AI for prediction of usage pattern for a car sharing service
Reference number | |
Coordinator | Swedspot AB |
Funding from Vinnova | SEK 458 867 |
Project duration | April 2020 - April 2021 |
Status | Completed |
Venture | AI - Competence, ability and application |
Call | Start your AI-journey! For businesses |
Important results from the project
The aim of the project was to identify how AI-based data analysis can be used on existing data from our car sharing service. This goal has been met by the project.
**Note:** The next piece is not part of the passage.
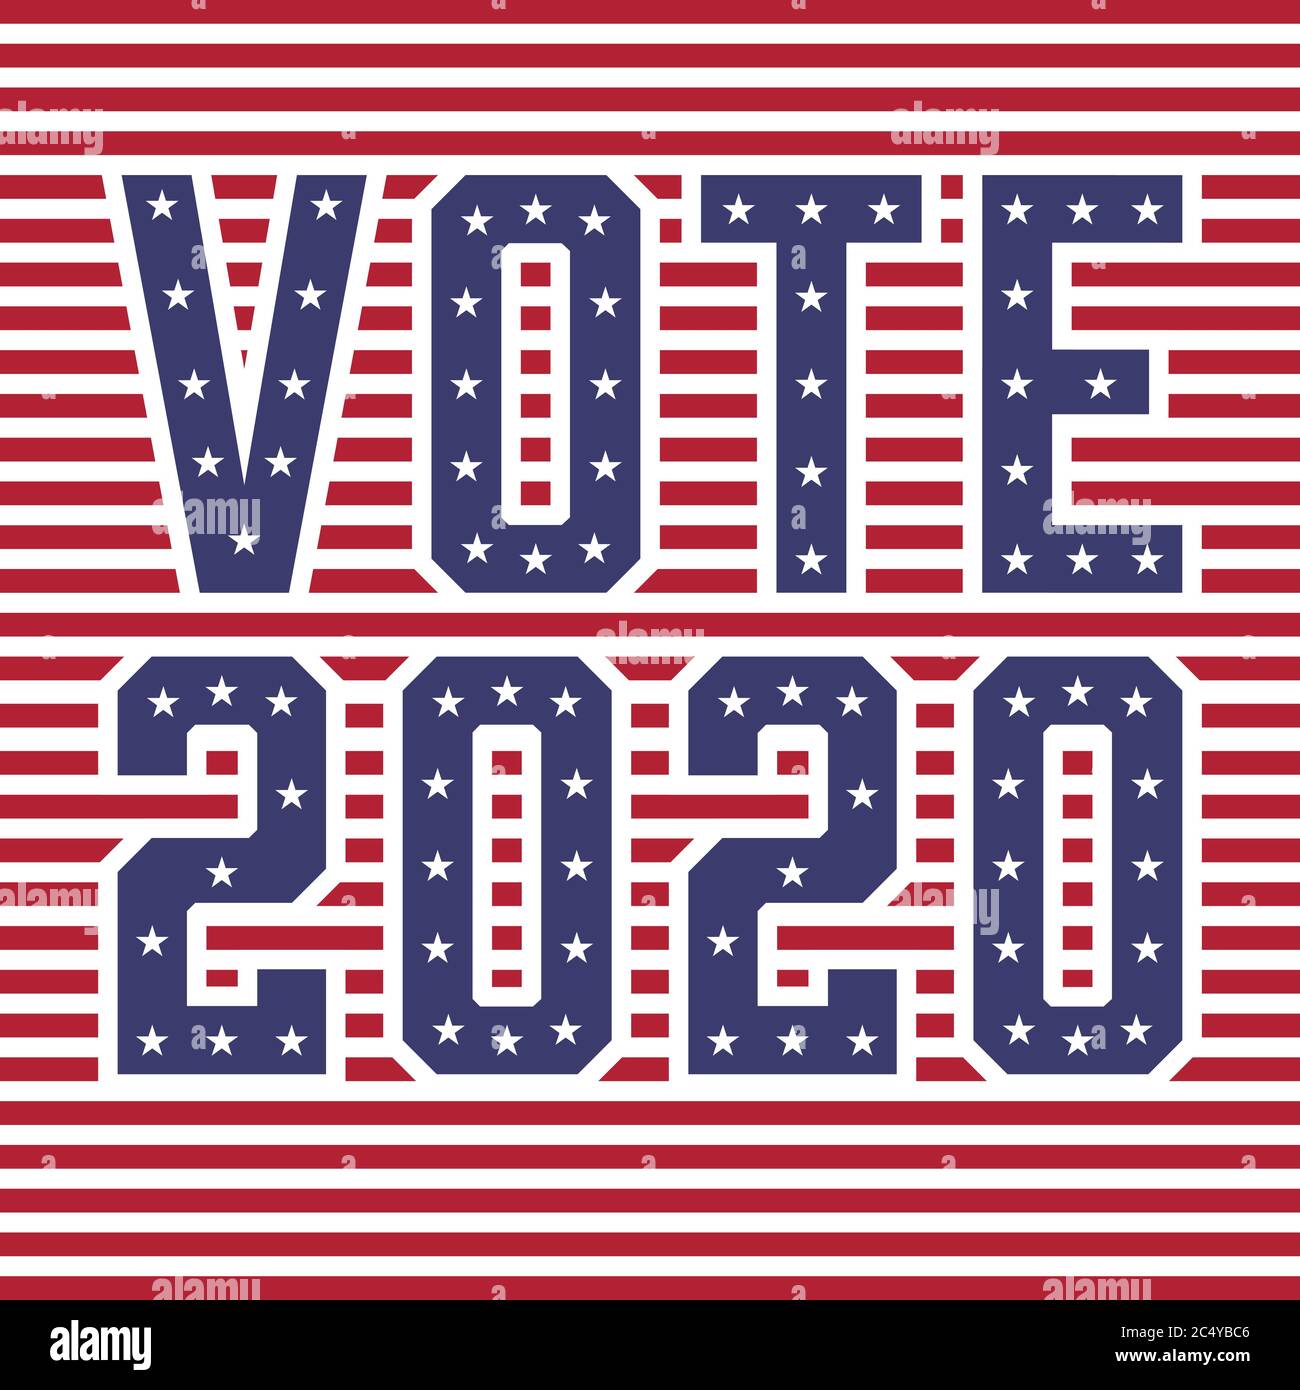 United States of America (USA) Elections VOTE 2020 with Stars and Stripes Concept Vector Illustration Stock Vector
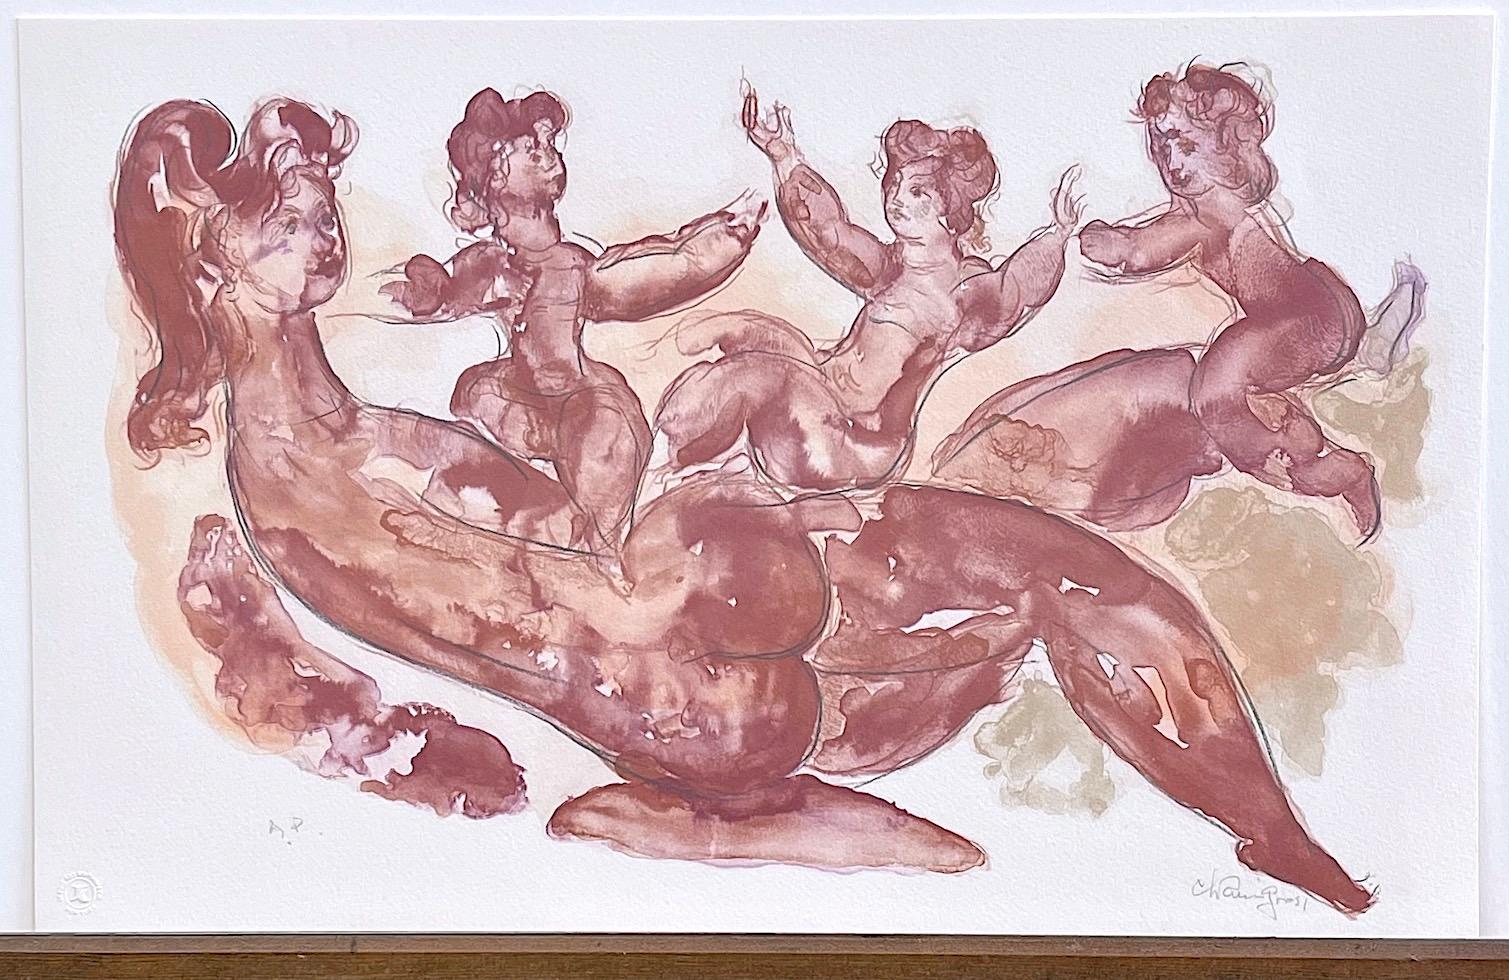 Signierte Lithographie „MOTHER AND CHILDREN PLAYING“, Mutter mit Tochter, Aquarell (Beige), Nude Print, von Chaim Gross

Expected long term effects
The regression problem using LSTM gave reasonable results (similar to what a human had predicted), but they differed from the real trips. This is most likely a problem with randomness in the data. When the prediction of trips was changed to a simpler problem where the end positions were clustered together w.r.t geographical position, the correlations could be predicted. The larger classes were predicted correctly to a high extent while the network had more problems with the smaller classes. The binary prediction on simulated data succeeded in predicting the relationships we simulated.
Approach and implementation
The algorithms were implemented and evaluated using Kera´s library. Throughout the project, a literature study has been done. The regression problem using LSTM was evaluated using different metrics for regression problems, as well as by plotting the positions on a map. The prediction of the end positions as a classification problem was evaluated by studying the confusion matrix. The prediction of the simulated data was studied by visualizing the predicted outcome depending on the parameter.